Thursday, February 07, 2008

The Boom Was a Bust for Ordinary People


By Barbara Ehrenreich, The Washington Post. Posted February 5, 2008.


Our challenge isn't just to prop up stock prices but to rebuild an economy in which everyone shares the good times.

It begins to sound a bit naughty -- all this talk about the need to "stimulate" the economy, as if we were discussing how to make a porn film. I don't mean to trivialize our economic difficulties or the need for effective government intervention, but we have to face a disconcerting fact: For years now, that strange stimulus-crazed beast, the economy, has been going its own way, increasingly disconnected from the toils and troubles of ordinary Americans.

The economy, for example, has been expanding, at least until now, and growth is supposed to guarantee general well-being. As long as the gross domestic product grows, World Money Watch's Web site assures us, "so will business, jobs and personal income."

But hellooo, we've had brisk growth for the past few years, as the president has tirelessly reminded us, only without those promised increases in personal income, at least not for the poor and the middle class. According to a study just released by the Economic Policy Institute, real wages actually fell last year.

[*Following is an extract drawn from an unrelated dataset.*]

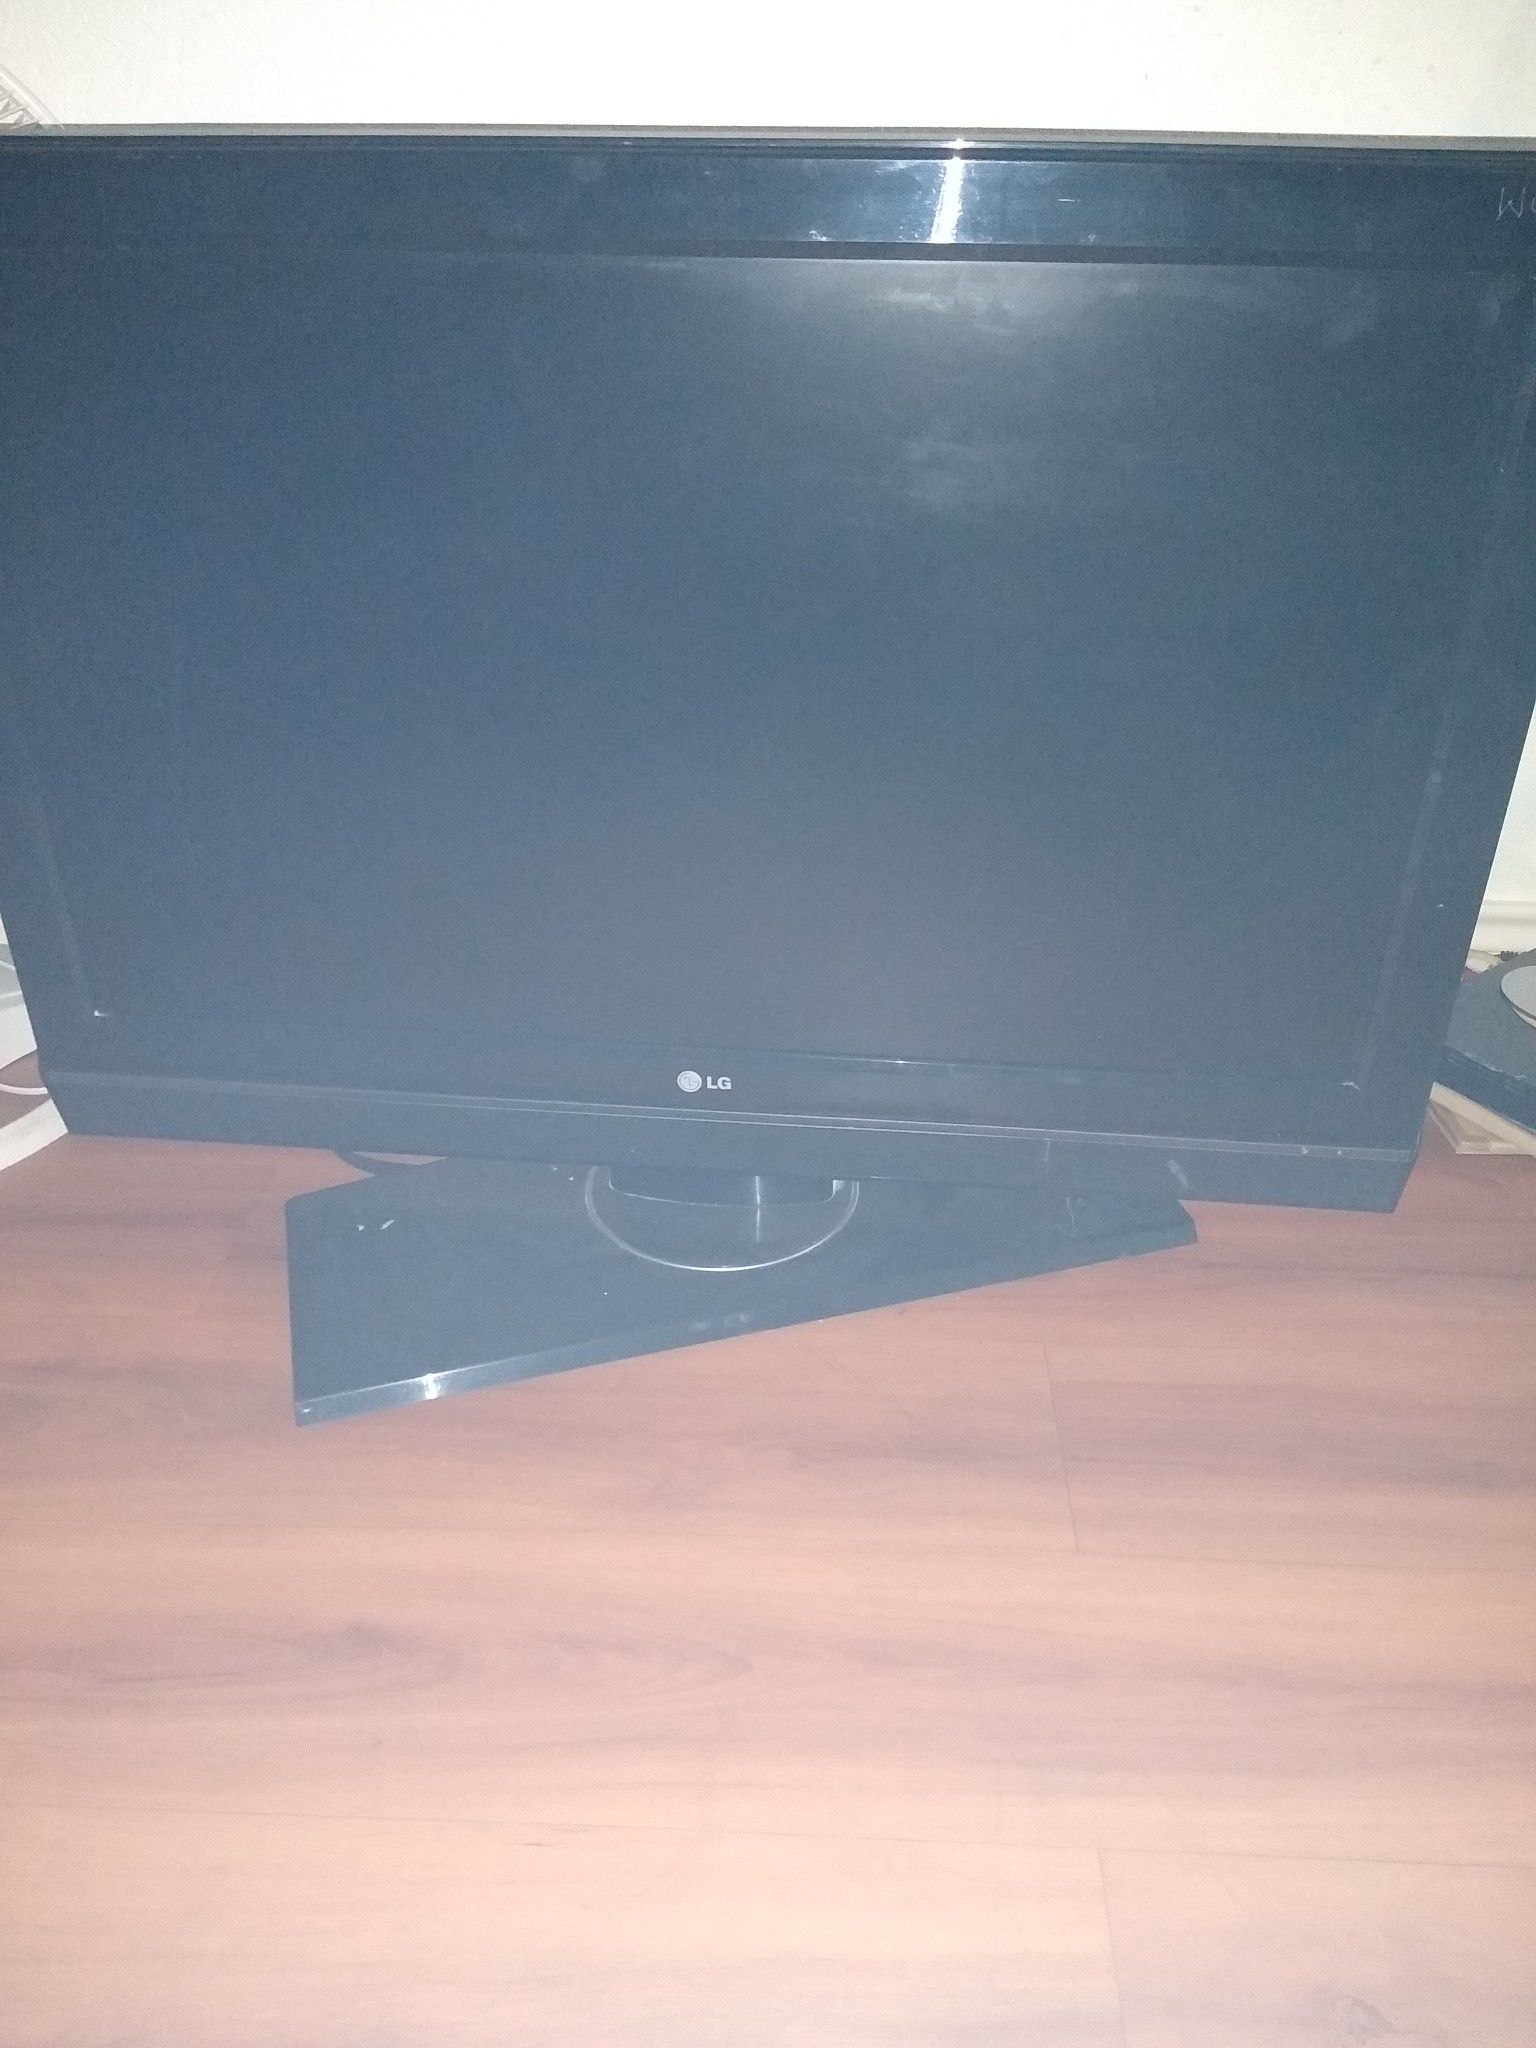 42in LG tv w/stand

Growth, some of the economists are conceding in perplexity, has been "decoupled" from widely shared prosperity.

I first began to sense this in the boom years of the late 1990s, when I was working in entry-level jobs for my book "Nickel and Dimed." While the stock market soared and fortunes were being made in the time it takes to say "IPO," my $6-to-$8-an-hour co-workers lunched on hot dog buns because that was all they could afford and, in some cases, fretted about whether they could find a safe place to sleep.

Growth is not the only economic indicator that has let us down. In the past five years, America's briskly rising productivity has been the envy of much of the world. But again, there's been no corresponding increase in most people's wages. It's not supposed to be this way, of course. Economists have long believed that some sort of occult process would intervene and adjust wages upward as people worked harder and more efficiently.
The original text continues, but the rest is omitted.